Bash Scripts to automatize Nutch
Author : Jbuenol
From TechnologicalWiki
Contents |
[edit] Crawling data
This article is focused on create a script ( Linux shell ) to automatize the crawling process :
1.Create a folder named scripts ( for example ) in search folder :
<NUTCH_PATH>/search/scripts
2. Create a file named crawl.sh ( for example ) into the scripts folder :
<NUTCH_PATH>/search/scripts/crawl.sh
Note : "Indexing is done using Solr".
#!/bin/sh
#The basedir for nutch installation
NUTCH_HOME=.
#The basedir used in storing the crawl content
BASEDIR=$1
#Number of repetitions
LOOP=$2
#Number of documents to fetch per round
NUMDOCS=1000
if [ $# -eq 0 ]
then
echo Usage is \"crawl.sh basedir\"
exit
fi
checkStatus ()
{
if test "$?" != "0"; then
echo Command exited with abnormal status, bailing out.
exit 1;
fi
}
cd $NUTCH_HOME
bin/nutch inject $BASEDIR/crawldb urls
checkStatus
for i in `seq 1 $LOOP`;
do
bin/nutch generate $BASEDIR/crawldb $BASEDIR/segments -topN $NUMDOCS
checkStatus
SEGMENT=`bin/hadoop dfs -ls $BASEDIR/segments/ | tail -1 | grep -o [a-zA-Z0-9/\-]* | tail -1 | grep -o [^/]* | tail -1`
echo processing segment $SEGMENT
bin/nutch fetch $BASEDIR/segments/$SEGMENT -threads 10
checkStatus
bin/nutch updatedb $BASEDIR/crawldb $BASEDIR/segments/$SEGMENT -filter
checkStatus
done
bin/nutch invertlinks $BASEDIR/linkdb $BASEDIR/segments/*
checkStatus
echo indexing into Solr
bin/nutch solrindex http://127.0.0.1:8983/solr/ $BASEDIR/crawldb $BASEDIR/linkdb $BASEDIR/segments/*
checkStatus
echo deleting duplicates from Solr
bin/nutch solrdedup http://127.0.0.1:8983/solr/
checkStatus
echo copying to searcher
bin/hadoop dfs -copyToLocal $BASEDIR /nutchsearch/local/
checkStatus
echo SUCCESS !!!
[edit] USAGE
from <NUTCH_PATH>/search/ folder :
command : ../scripts/crawl.sh <FOLDER_TO_STORE_DATA> <DEPTH> usage example : ../scripts/crawl.sh crawl 5
In the example, data is stored into /nutchsearch/local/crawl/ folder.

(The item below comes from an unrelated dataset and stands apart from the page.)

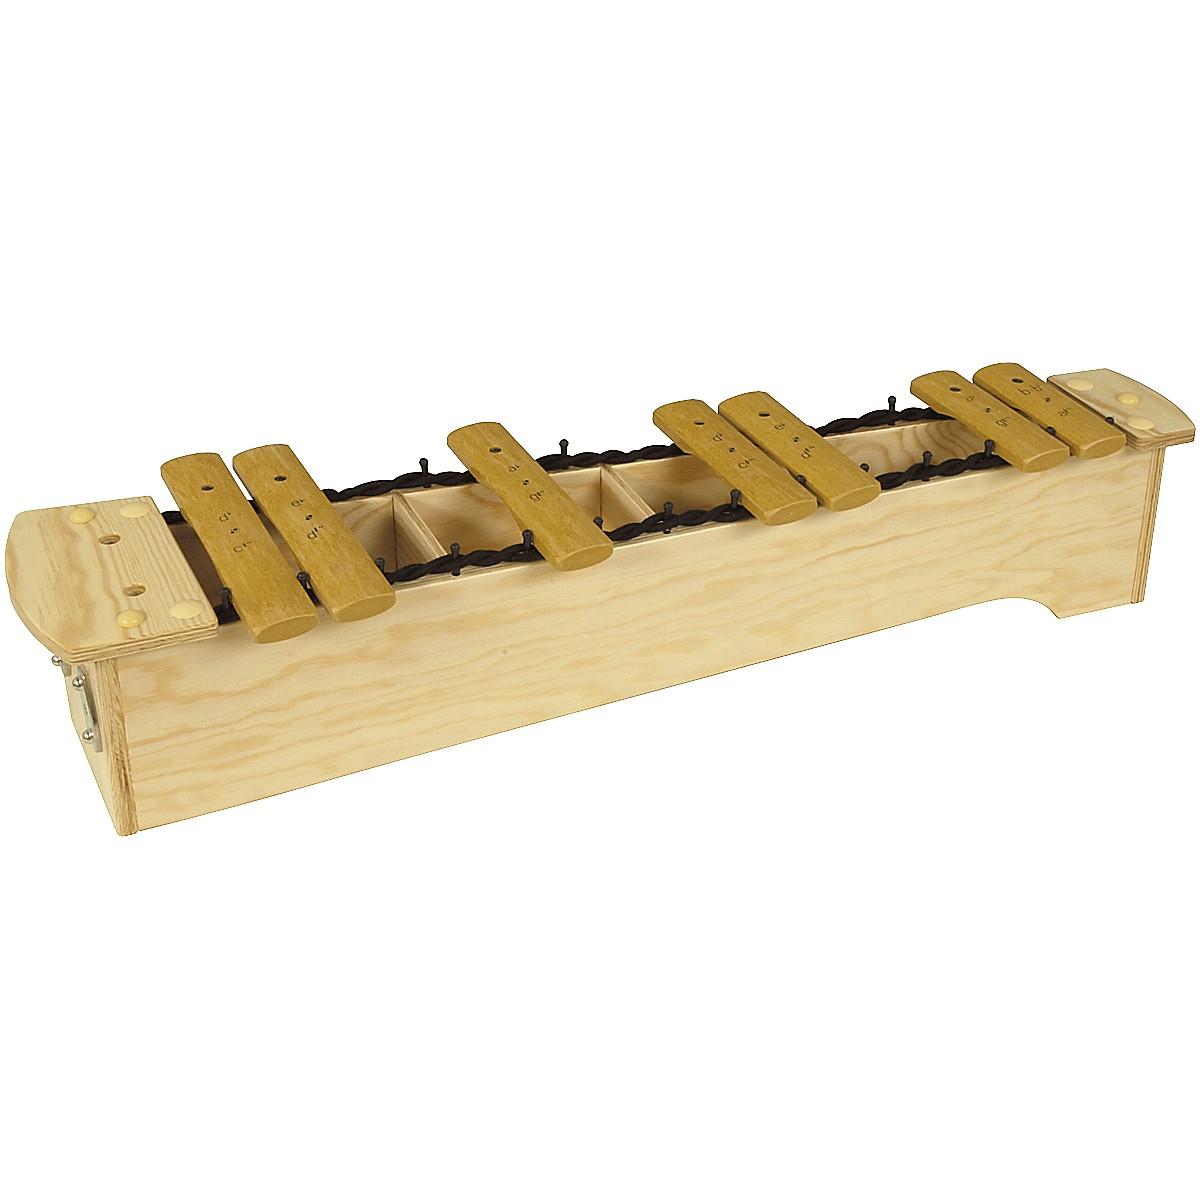 Sonor Orff Palisono Soprano Xylophone Chromatic Add-On
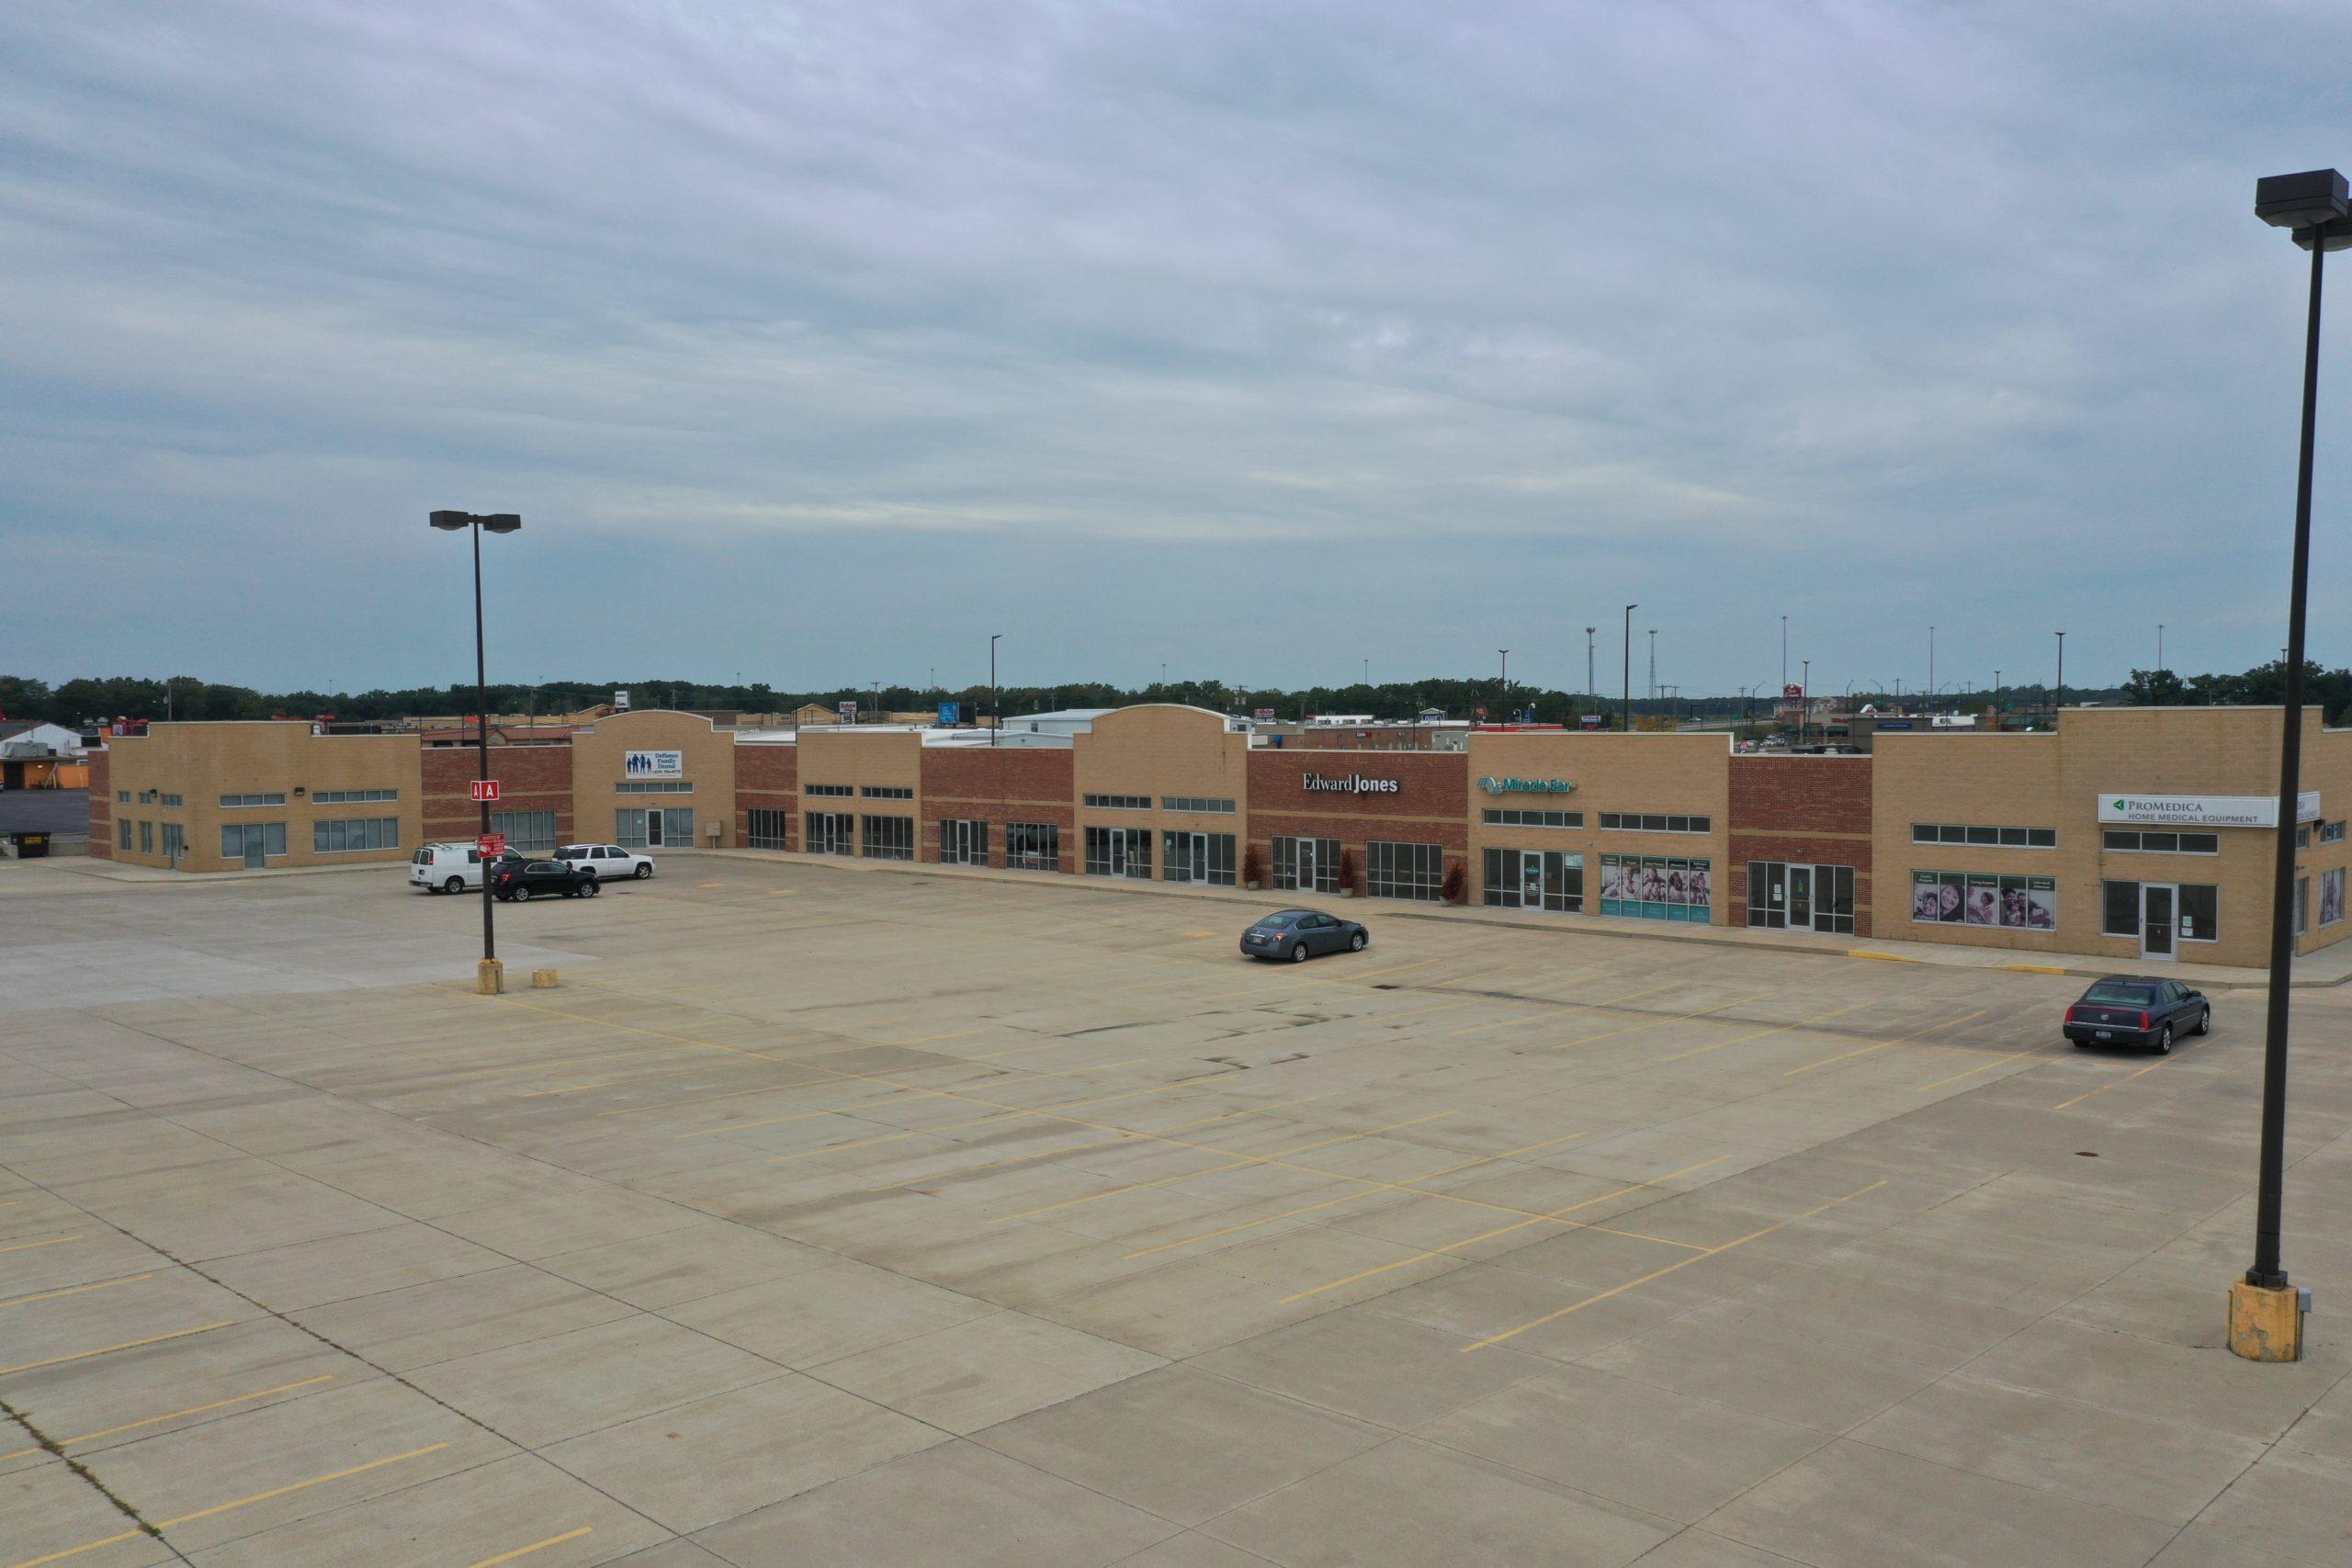 Stadium Plaza – Defiance, Ohio

- <FOLDER_TO_STORE_DATA> : This parameter indicates the folder in which data of crawling process is stored.
- <DEPTH> : This parameter indicates the number of link jumps in the crawling process.
[edit] Merging data
The next script is focus on merging data from two indexed data sources.
1.Create a folder named scripts ( for example ) in search folder :
<NUTCHSEARCH_PATH>/search/scripts
2. Create a file named merge.sh ( for example ) into the scripts folder :
<NUTCHSEARCH_PATH>/search/scripts/merge.sh
Note : "Indexing is done using Solr".
# Nutch merge crawls script.
# Based on recrawl script
#
# The script merges 2 or more nutch crawls into a single crawl
#
# USE ABSOLUTE PATHS for the script args
# e.g. bin/merge_crawls.sh /home/ren/nutch/trunk/build/crawl /home/ren/nutch/trunk/build_f/crawl/ /home/ren/nutch/trunk/build_w/crawl/
if [ -n "$1" ]
then
crawl_dir=$1
if [ -d $1 ]; then
echo "error: crawl already exists: '$1'"
exit 1
fi
else
echo "Usage: ../scripts/merge.sh newcrawl-path crawl1-path crawl2-path, USE ABSOLUTE PATHS"
exit 1
fi
if [ -n "$2" ]
then
crawl_1=$2
else
echo "Usage: ../scripts/merge.sh newcrawl-path crawl1-path crawl2-path, USE ABSOLUTE PATHS"
exit 1
fi
if [ -n "$3" ]
then
crawl_2=$3
else
echo "Usage: ../scripts/merge.sh newcrawl-path crawl1-path crawl2-path, USE ABSOLUTE PATHS"
exit 1
fi
#Sets the path to bin
nutch_dir=`dirname $0`
nutch_dir=$nutch_dir/bin
echo "Creating new crawl in: " $crawl_dir
mkdir $crawl_dir
webdb_dir=$crawl_dir/crawldb
segments_dir=$crawl_dir/segments
linkdb_dir=$crawl_dir/linkdb
index_dir=$crawl_dir/index
echo Merge linkdb
echo $nutch_dir/nutch mergelinkdb $linkdb_dir $crawl_1/linkdb $crawl_2/linkdb
$nutch_dir/nutch mergelinkdb $linkdb_dir $crawl_1/linkdb $crawl_2/linkdb
echo Merge crawldb
$nutch_dir/nutch mergedb $webdb_dir $crawl_1/crawldb $crawl_2/crawldb
echo Merge segments
segments_1=`ls -d $crawl_1/segments/*`
echo 1 $segments_1
segments_2=`ls -d $crawl_2/segments/*`
echo 2 $segments_2
$nutch_dir/nutch mergesegs $segments_dir $segments_1 $segments_2
# From there, identical to recrawl.sh
echo Update segments
$nutch_dir/nutch invertlinks $linkdb_dir -dir $segments_dir
echo Index segments
$nutch_dir/nutch solrindex http://127.0.0.1:8983/solr/ $crawl_dir/crawldb $crawl_dir/linkdb $crawl_dir/segments/*
echo De-duplicate indexes
$nutch_dir/nutch solrdedup http://127.0.0.1:8983/solr/
[edit] USAGE
from <NUTCHSEARCH_PATH>/search/ folder :
command : ../scripts/merge.sh <NEW_CRAWL> <CRAWL_1> <CRAWL_2> usage example : ../scripts/merge.sh /nutchsearch/local/crawl /nutchsearch/local/crawl1 /nutchsearch/local/crawl2
Note : : "Use absolute paths"
In the example, data is stored into /nutchsearch/local/crawl/ folder.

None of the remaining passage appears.